Mesmo sendo a monarquia um sistema que não deu certo, que preza pela vitaliciedade e hereditariedade, substituído pela república ou ainda como, no caso Reino Unido, pela monarquia constitucional, a morte de Sua Majestade, a Rainha Elizabeth II, me causou espanto, com certa inquietação, diante de tanta comoção pública e, principalmente, de seu fiéis súditos na Inglaterra. Como podia uma rainha em pleno século XXI ser tão adorada, idolatrada, considerada um símbolo para as pessoas independente da relação delas com o commonwealth?
Valores sólidos, pautados no respeito à comunidade, à diversidade e respeito à posição que ocupava, pela cadeira que sentava. Elizabeth II não usava uma coroa, não usava de uma posição, ela representava a coroa que usava e vivia a rainha todos os dias. A rainha mais improvável do Reino Unido, segunda na linha de sucessão, assumiu aos 25 anos e sabia que sua vida seria dada ao serviço da coroa britânica.
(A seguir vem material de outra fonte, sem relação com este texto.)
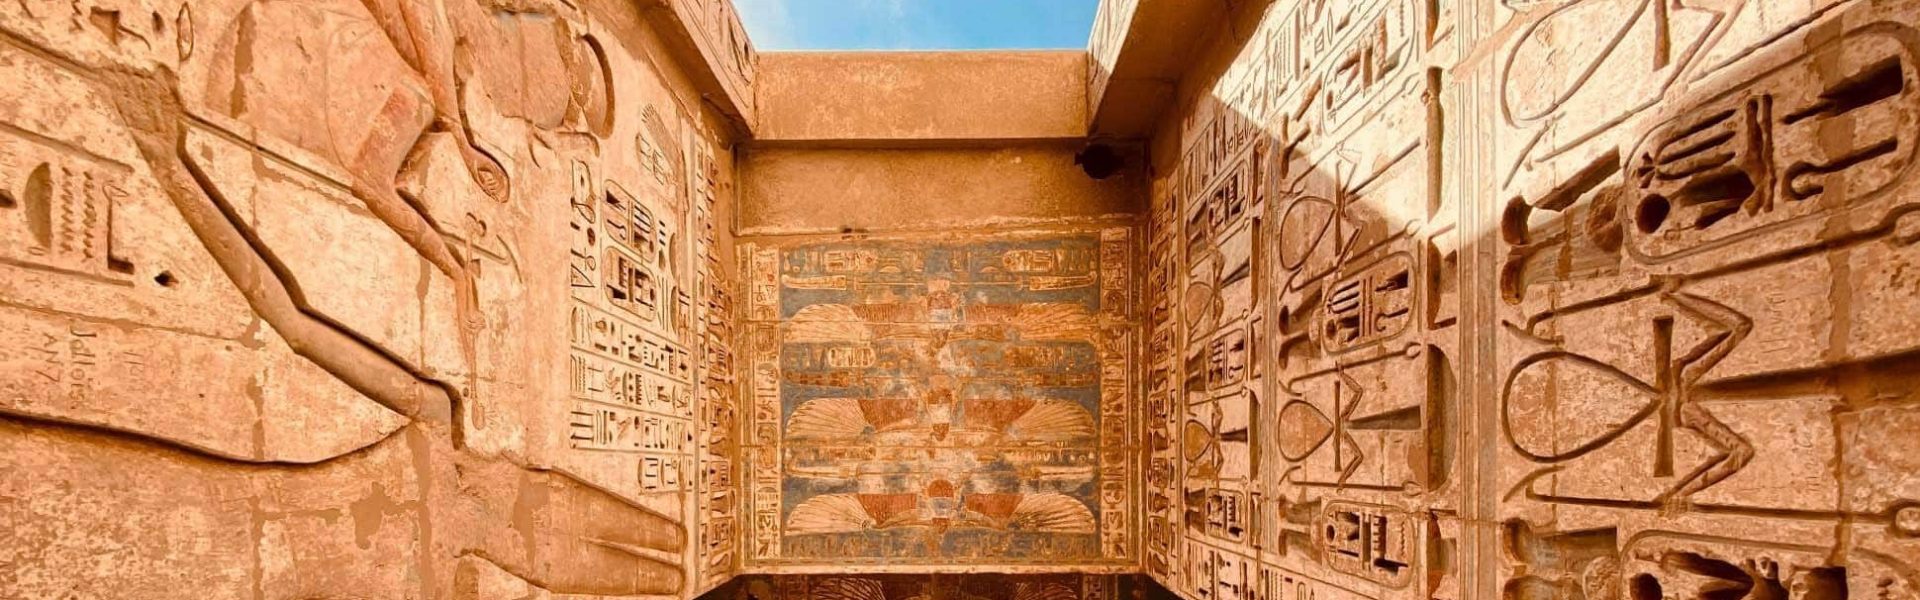 Detalle de pinturas y bajorrelieves en Egipto
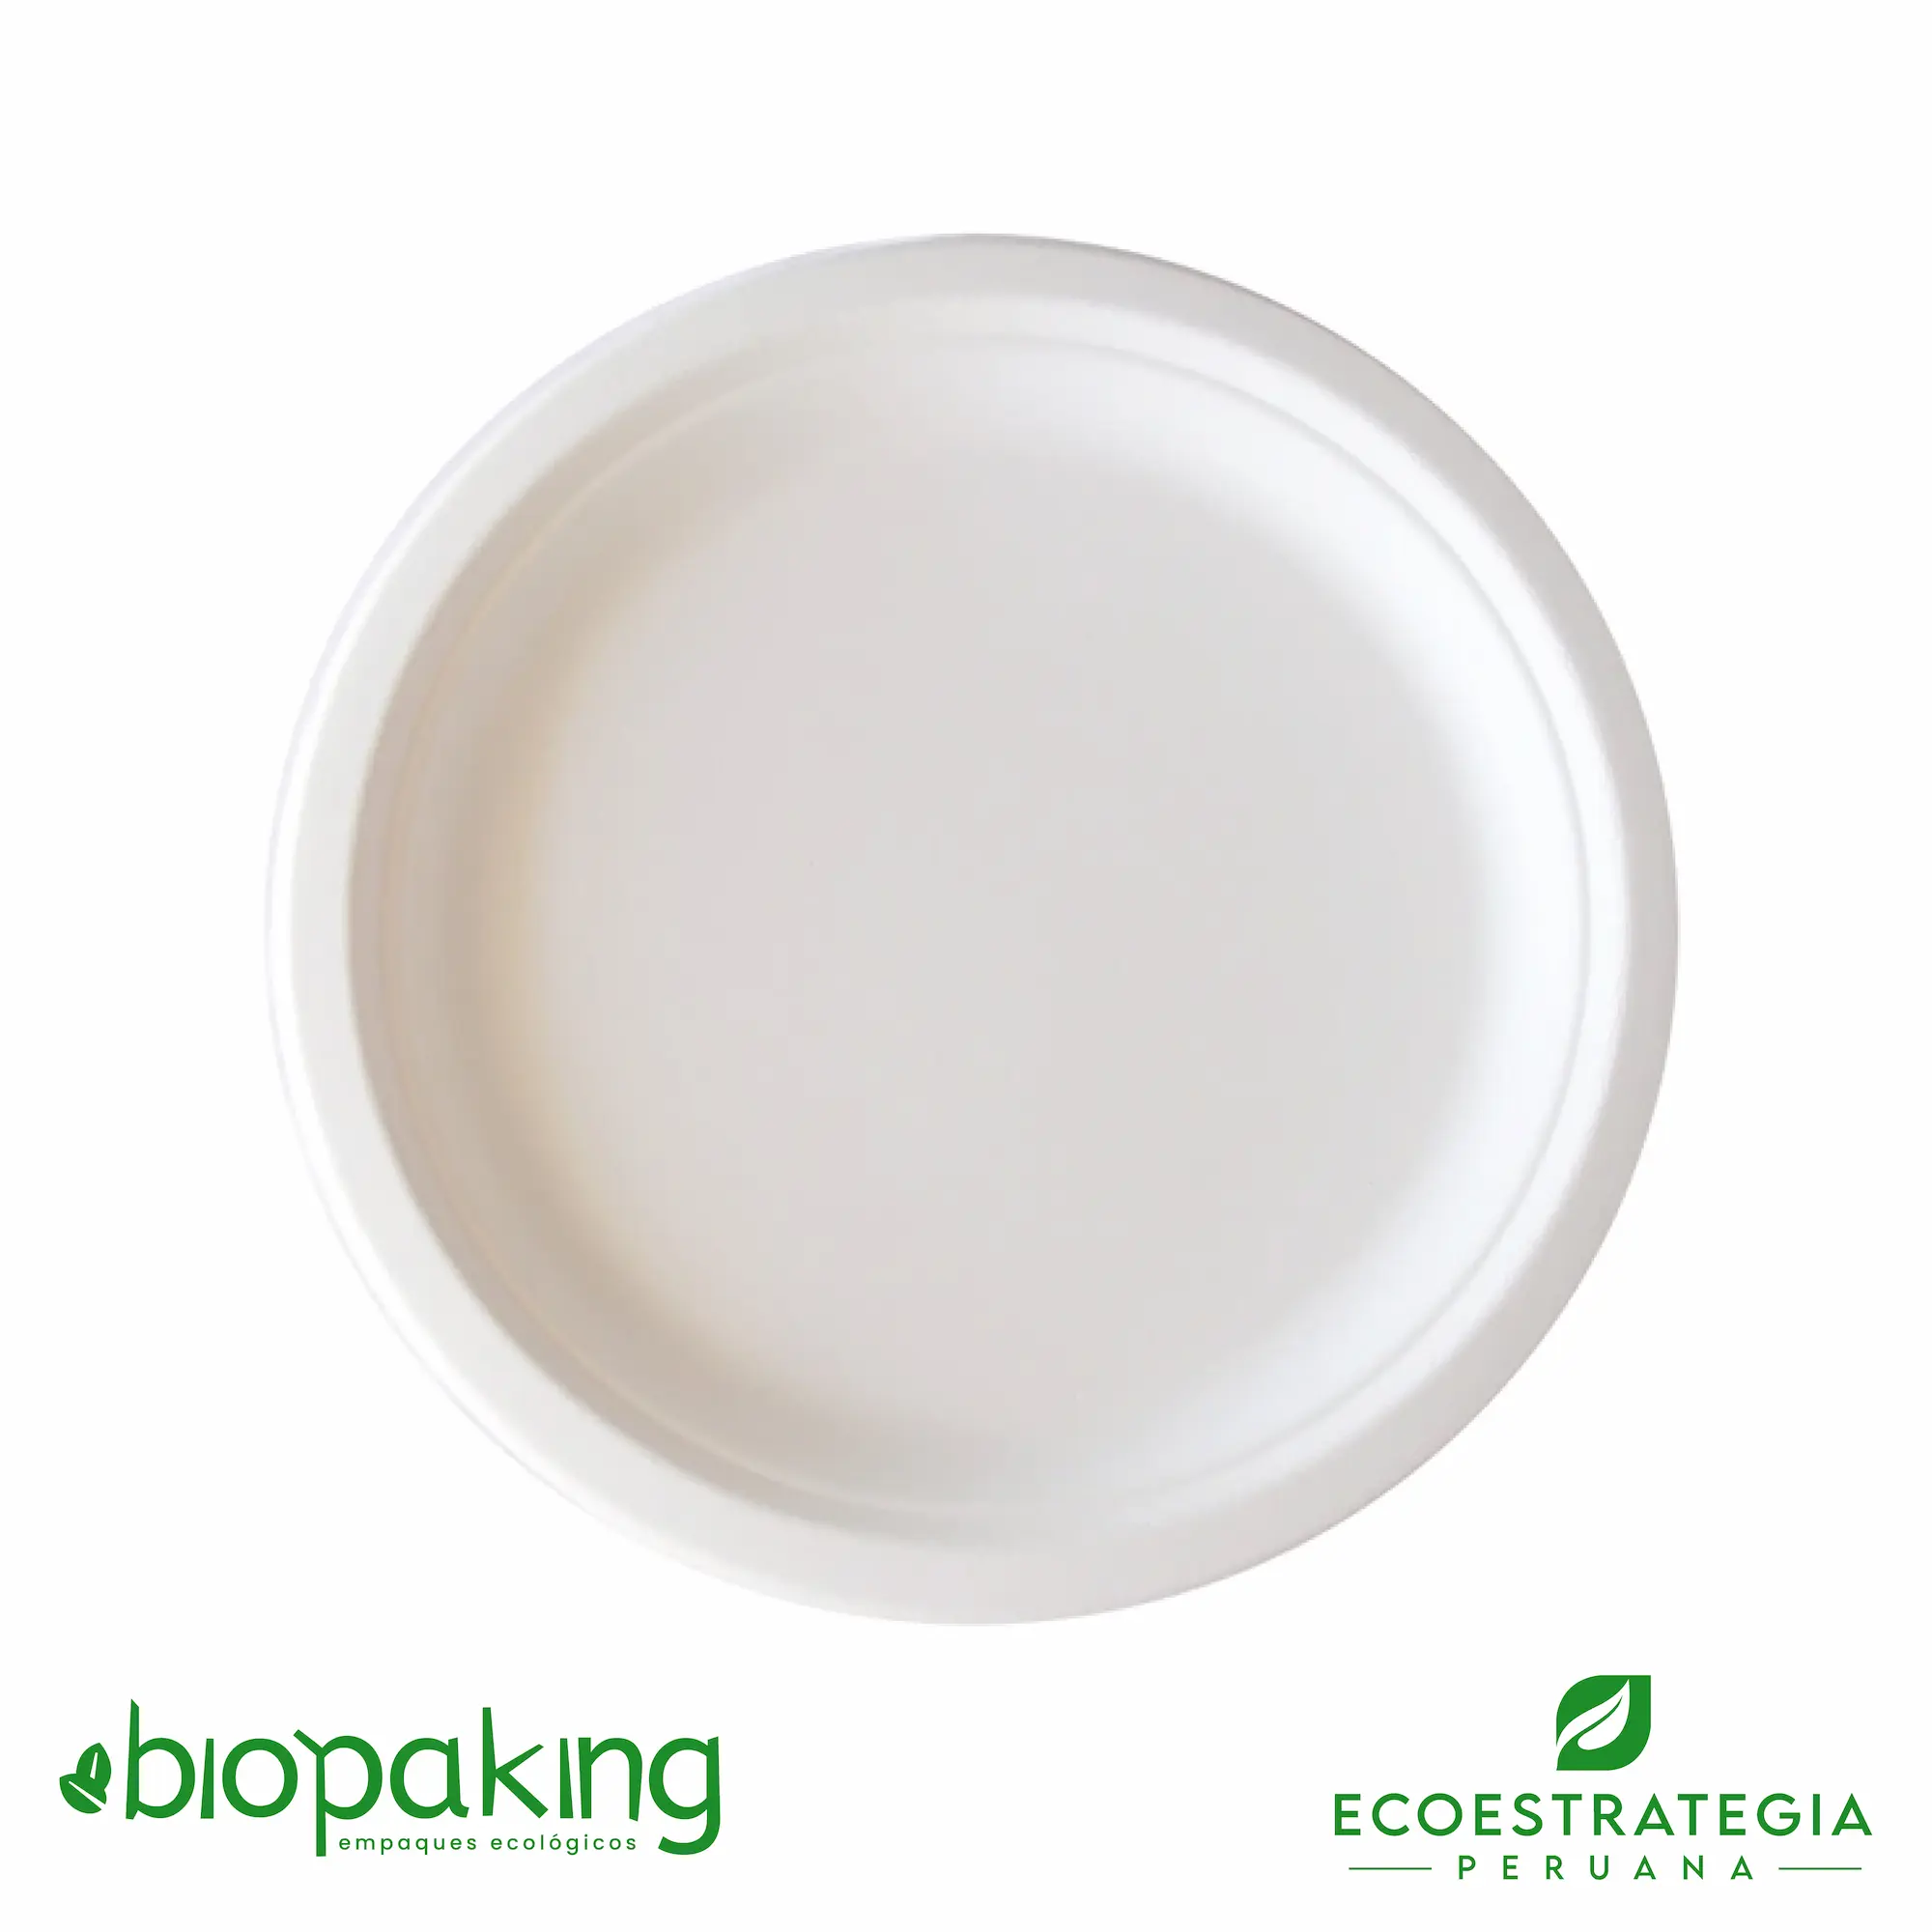 El plato biodegrable de 26cm EP-26 es también conocido como plato biodegradable número 26, plato biodegradable fibra, plato #26 biodegradable, plato eco 26 fibra de caña, plato biodegradable redondo 10”, plato degustación biodegradable, plato de fondo 26 cm, platos biodegradables 26, plato redondo chico 9”, plato 26 biodegradable, plato nº 26 bagazo de caña, plato 26 fibra, plato 26 bioform fibra-ks bagazo caña, plato postre biodegradable, plato biodegradable precio, platos biodegradable caseros, platos biodegradables al por mayor, platos biodegradables makro, platos biodegradables plaza vea, importadores de platos biodegradables 26, distribuidores de platos biodegradables 26, mayoristas de platos biodegradables 26, envases biodegadable, envase biodegadables, envase biodegradables perú, envase biodegrable peru, envase biodegradable de cartón blanco, envases biodegrables lima, envases biodegradables arequipa

A monarca mais longeva desenvolveu, então, as habilidades necessárias que a ajudaram a trilhar um caminho estável e admirável. Falava baixo, demonstrava interesse pelos outros, era diplomática, defendia a pontualidade, o planejamento e a preparação, controlava muito bem sua narrativa, mesmo diante de todos os escândalos do palácio, assumia seus erros, ou dos membros da família real, e mantinha sensato toque de humor.
Não que essa seja uma receita de grandes líderes, ainda mais para uma monarca com um papel apolítico como chefe de estado. Mas questiono-me ao comparar a admiração à rainha ao momento que vivemos no Brasil.
Perdemos a nossa capacidade de discordar, de ouvir diferentes pontos de vista, de aprender com a diversidade. Esse mundo tecnológico que usa a inteligência de dados contra o ser humano, reforça constantemente a crença de que um é melhor do que o outro, de que só existe o azul ou o vermelho. Não nos faz enxergar as opções, não traz fatos, reforça valores, crenças, ideias, assuntos e até opiniões.
Na luta pelo poder esqueceu-se a admiração pelos valores e tornou-se a competição uma briga pela conquista da oposição em que não se discutem propostas, mas destacam-se ameaças e falhas, disseminando-se a cultura do fracasso. Ao contrário de um círculo virtuoso, essa guerra de narrativas, vazia, torna o cidadão frágil, vulnerável e depende de informação ou (des)informação, já que não consegue-se mais confiar naquilo que é dito, visto ou falado apenas em suas partes, fora de contextos
Como cantou Renato Russo, “nas favelas, no Senado, sujeira pra todo lado, ninguém respeita a constituição, mas todos acreditam no futuro da nação. [Afinal] Que país é esse?”
Será que estamos vivendo para além de uma crise de valores, mas também, infelizmente, a falência intelectual da população?